To my surprise they appear to be lacking the most essential of pro lenses, a fast standard range zoom! The closest to it is the Fujinon XF 18-55mm f/2.8-4, but that slows down to f/4 at the long end.

Which is strange, as I have kept on hearing that the lenses are Fujifilm’s strong point for going with their system over the others. Yet it appears Panasonic, Olympus, and Samsung are the only mirrorless systems which have the basics covered (wide angle, fast standard zoom, fast tele zoom, wide prime, standard prime, portrait prime). Sony is still lacking with their refusal to make f/2.8 zooms because they want to keep size down (so your only left with f/4 from their zooms).

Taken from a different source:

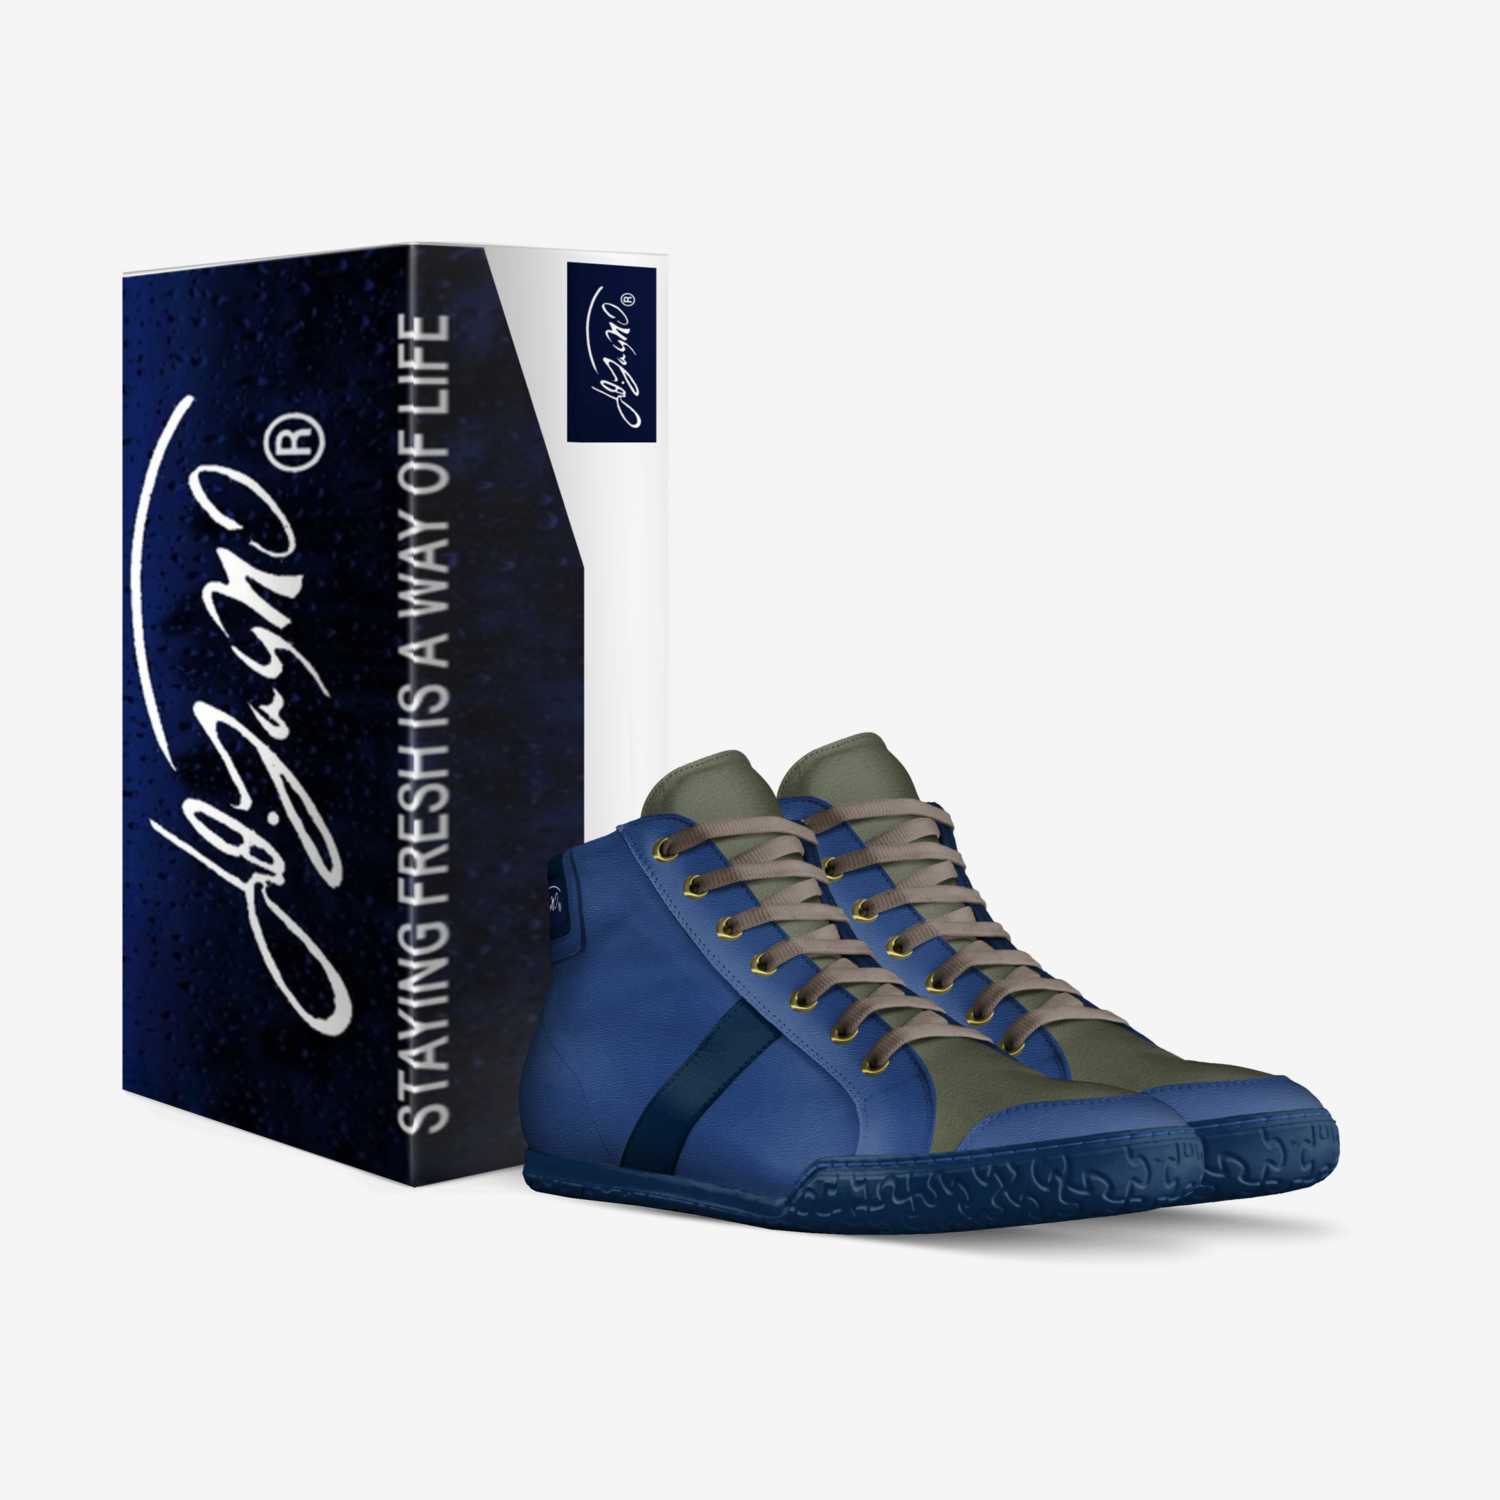 Jo.jayno  custom made in Italy shoes by Jo Jayno | Box view

Looking at those three which do have the basics covered:
1) Olympus and Panasonic, as the oldest system it isn’t surprising they’ve got all the core bases covered. And as they share the same mount, Micro Four Third users truly are spoilt for choice! Able to pick from either brand.
2) Samsung is the kinda surprising one here out of the three, as they’re a very new entrant and up until lately just made lower end cameras (NX3000/NX300/NX30) but with the completion of their core lens range and the amazing Samsung NX1 I reckon it shows Samsung is here to fight and how seriously they’re taking it. They’re the one to watch!

Update #1:
Well… a few minutes after I published this I discovered I got the main premise of this blog post wrong! Ah my bad… there is a Fujifilm 16-55mm f/2.8 But it appears the 16-55mm f/2.8 only just came out this year however (and even the 50-150mm f/2.8 didn’t come out until late last year), guess that is why I missed it. And also it didn’t come out until a year after Samsung’s 16-50mm f/2.8 (and 50-150mm f/2.8), thus meaning the broad point of my post remains the same (Olympus/Panasonic are first, Samsung second, in covering the basics for lenses).

Update #2:
While looking at the specs for the new Fujifilm X-T10 I see is a world camera with 25fps & 30fps! (and 24fps too of course) Gee, why can’t Panasonic do the same with their G7 which was just announced yesterday?? Such a disappointment.